• Source data:
════════════════

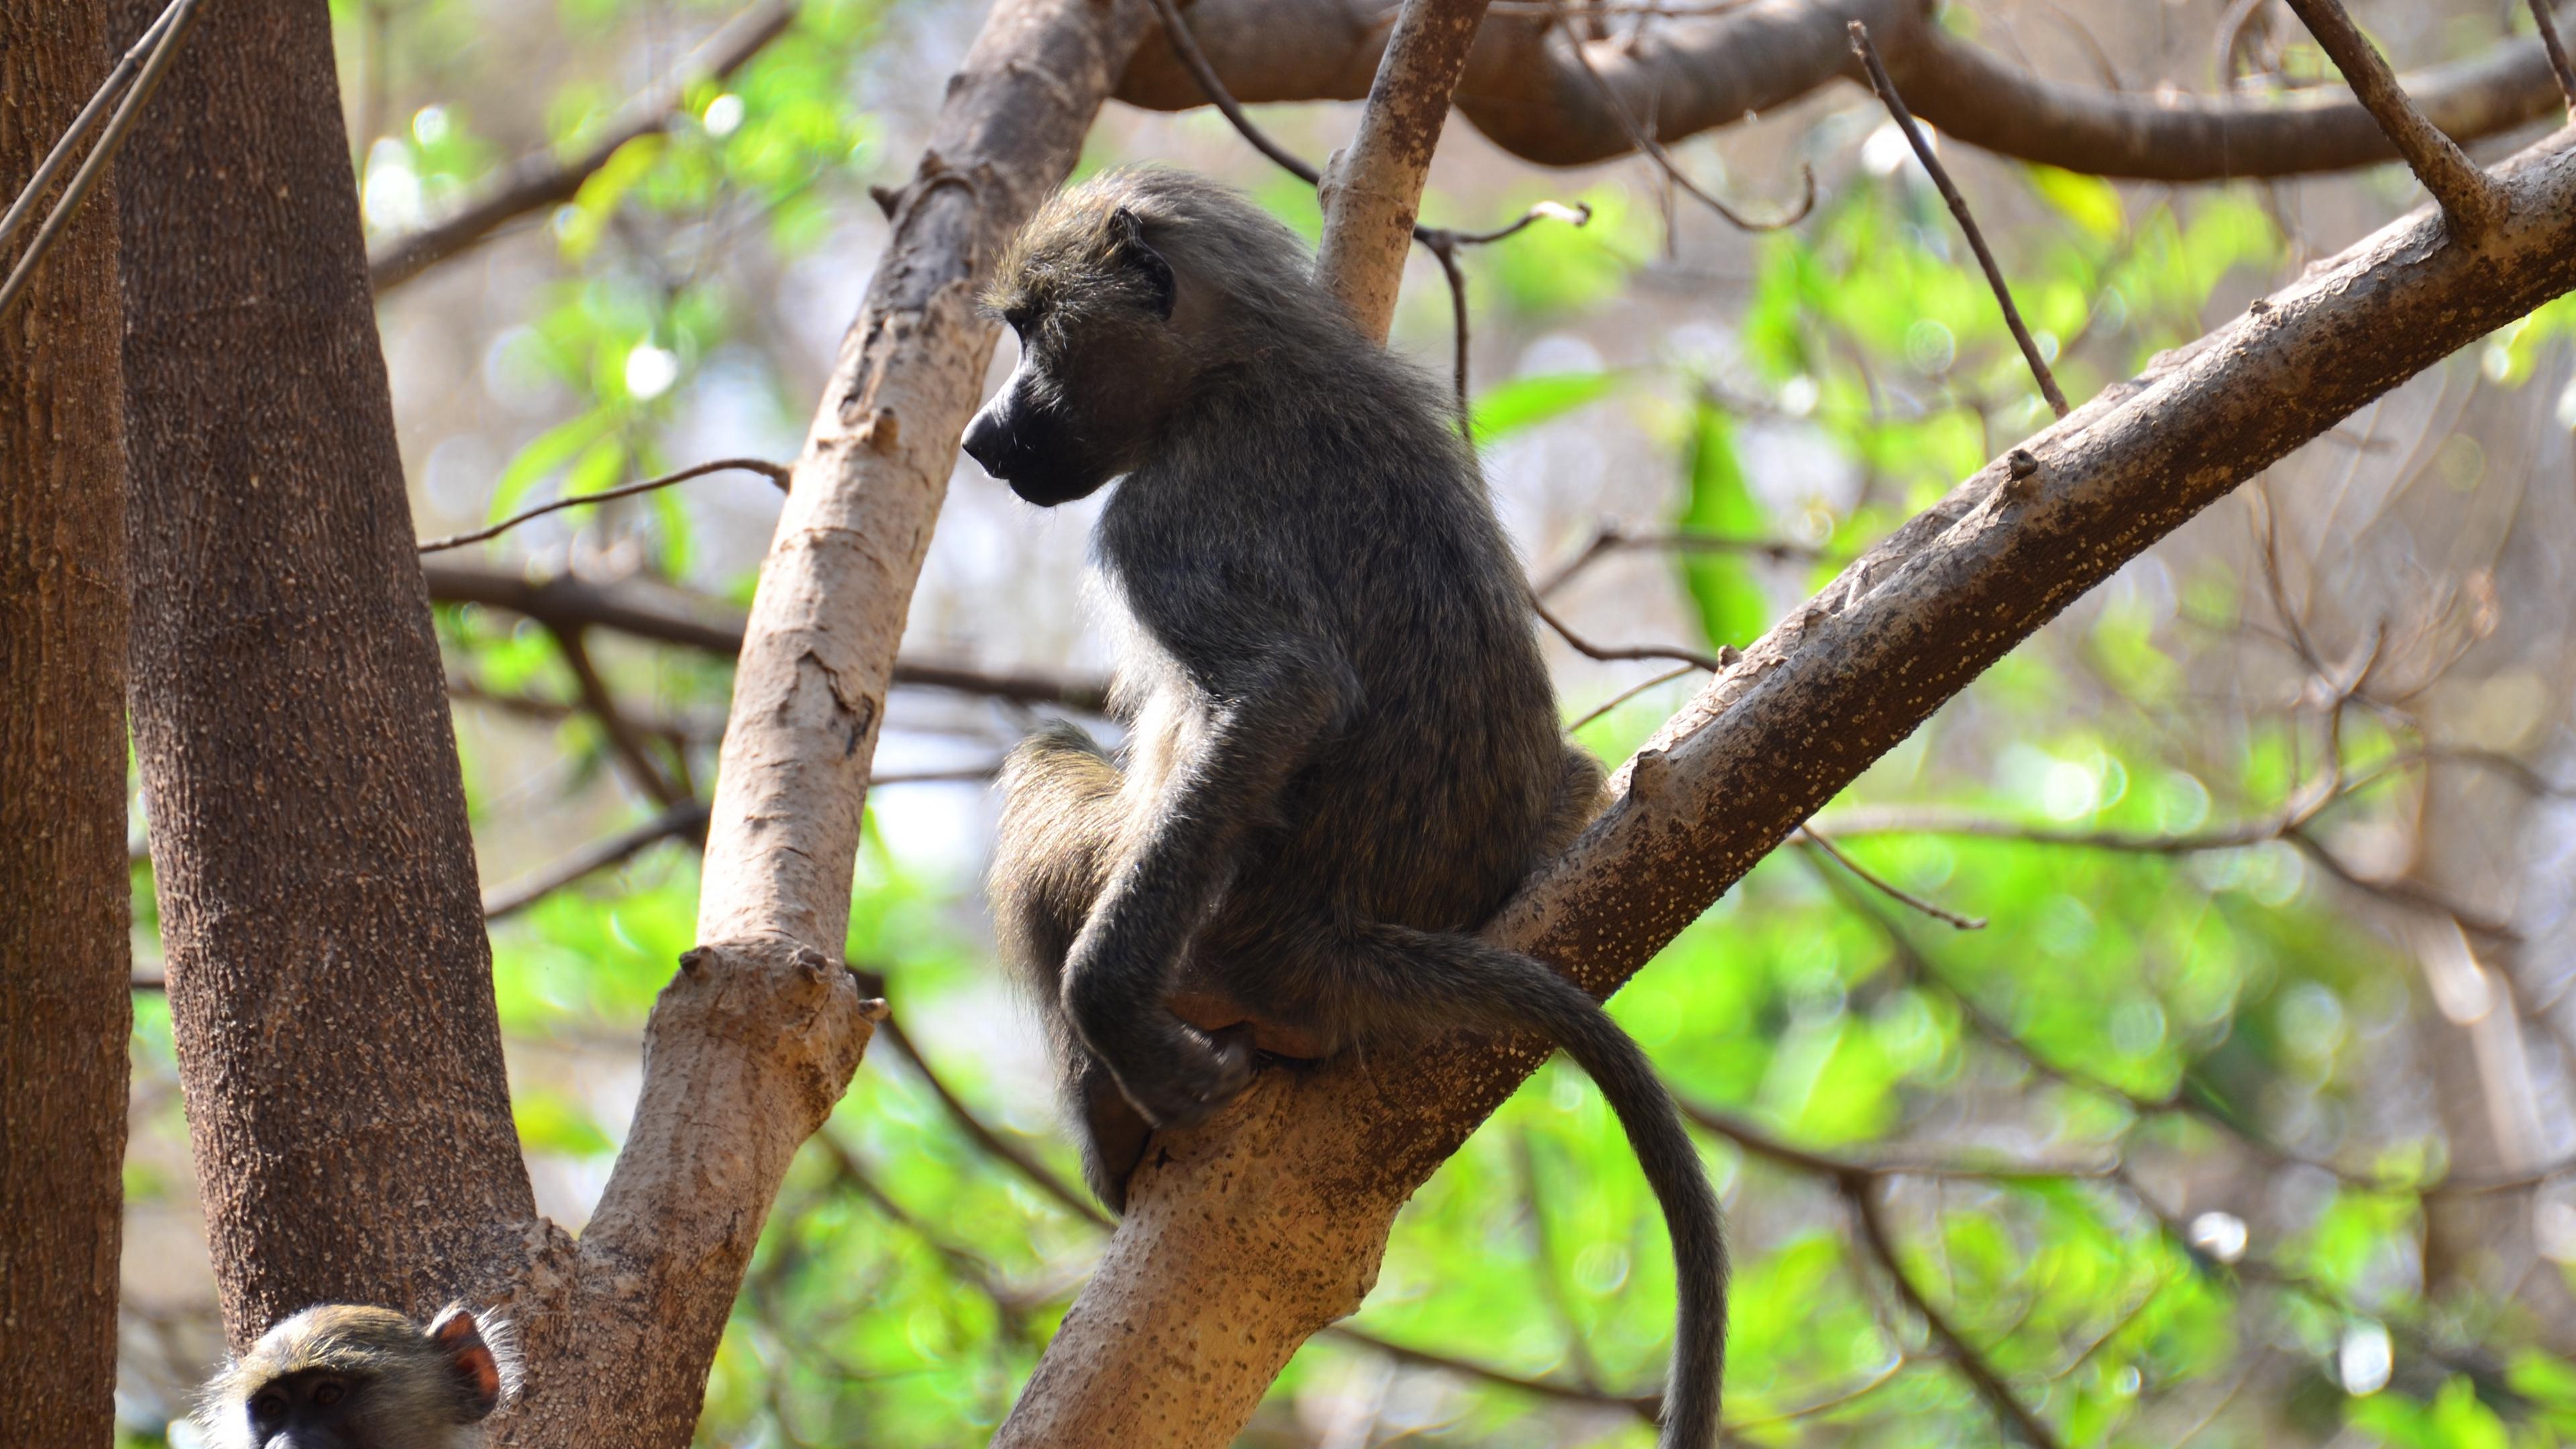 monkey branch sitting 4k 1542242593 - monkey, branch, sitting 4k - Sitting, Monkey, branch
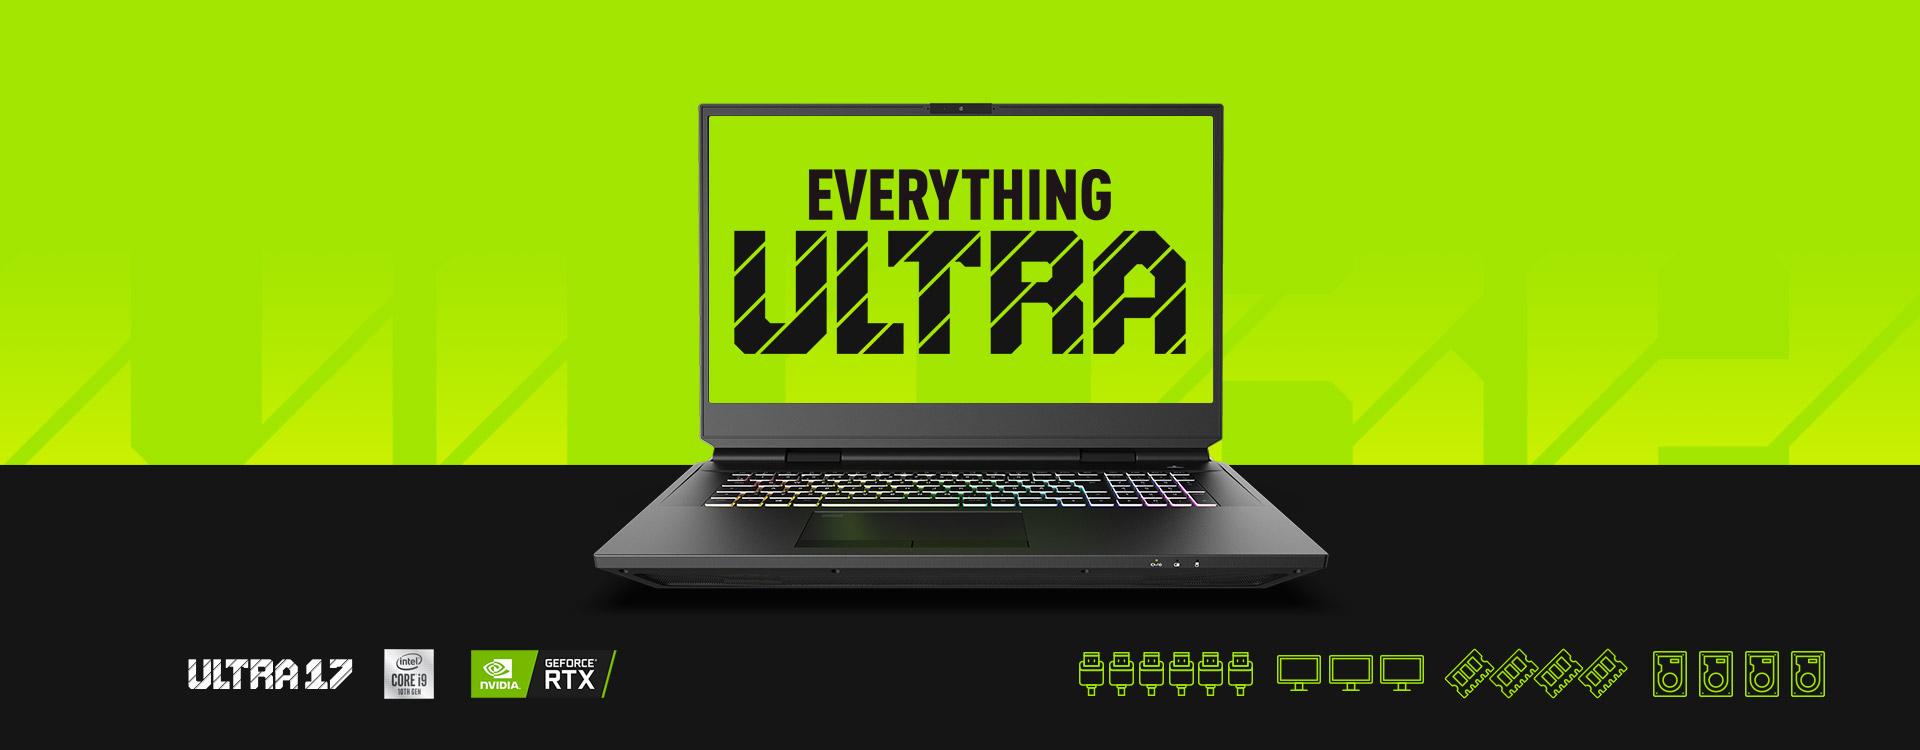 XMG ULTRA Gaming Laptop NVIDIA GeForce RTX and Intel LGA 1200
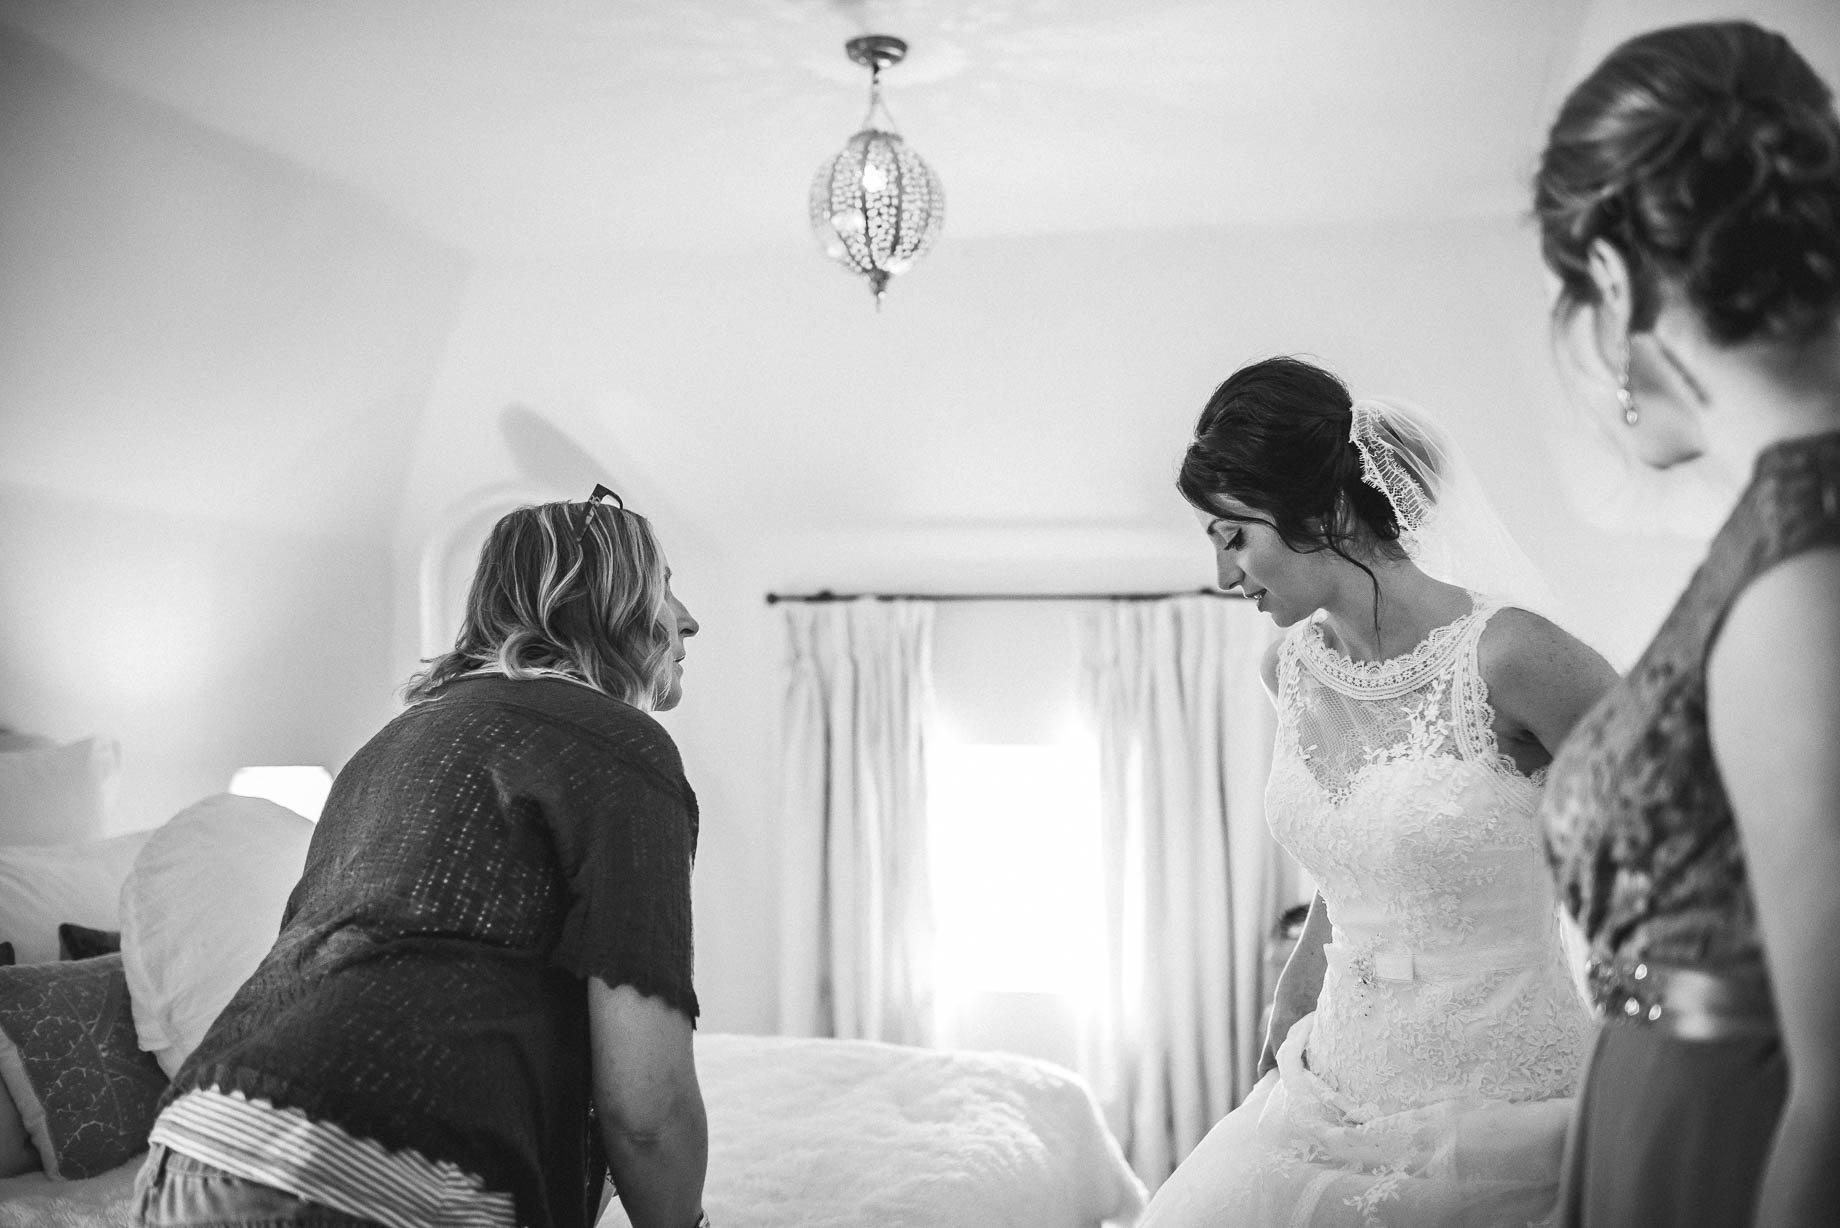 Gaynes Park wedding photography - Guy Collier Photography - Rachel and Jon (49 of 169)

════════════════

• Aim of the exercise:
Restate the listing above word for word and skip each picture.

• Written solution:
 monkey branch sitting 4k 1542242593 - monkey, branch, sitting 4k - Sitting, Monkey, branch
 XMG ULTRA Gaming Laptop NVIDIA GeForce RTX and Intel LGA 1200
 Gaynes Park wedding photography - Guy Collier Photography - Rachel and Jon (49 of 169)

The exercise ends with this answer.